Схватила вилку со стола и хорошенько зашвырнула ей в раковину.
Легче не стало. Вот ни капельки.
Сама не заметила, как опустилась на корточки, скатываясь спиной по тумбе, обняла себя за колени и, уткнувшись затылком в кухонный гарнитур, разрешила себе поплакать, всего один раз. Совсем-совсем чуть-чуть.
Я ведь прекрасно знала, на что шла. Ещё вчера. Просто не хотела думать, не хотела верить. Точнее, хотела верить, но только в сказку, выдуманную самой собой.

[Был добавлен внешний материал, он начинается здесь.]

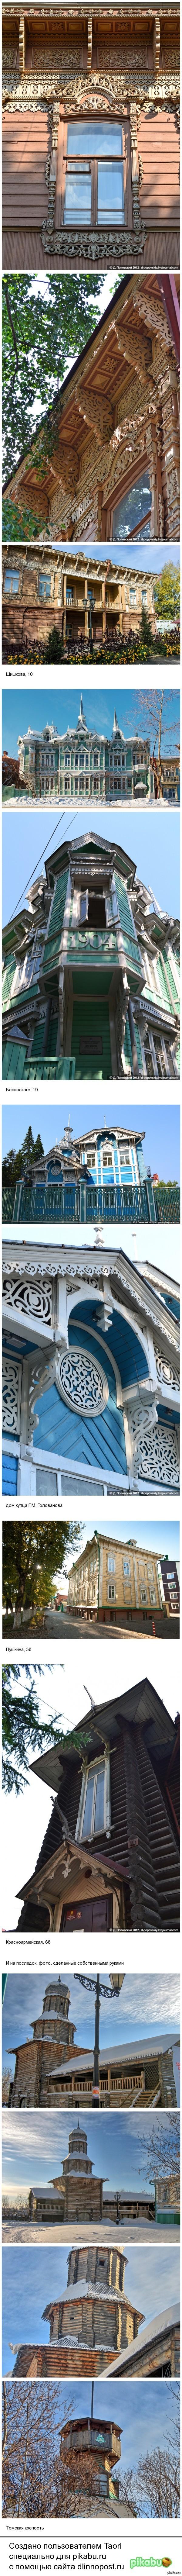 Деревянная архитектура г. Томска 1 часть

А он… Он был пьян… Только вот не был он похож на пьяного. Ни капли. И не пахло от него совсем.
— Да какая, к черту собачьему, разница? — зло прошептала, вытирая слезы, и поднялась с пола.
Механически помыла чашки из-под кофе, тарелку, вилку и сковороду, на которой и масло-то уже все выпарилось. Выключила вытяжку, и стало так тихо-тихо. Словно внутри у меня что-то выключилось. Раз — и сердце больше не стучит. Не слышно его. Самой себя не слышно. Даже слезы и мои надрывные всхлипы вмиг остановились.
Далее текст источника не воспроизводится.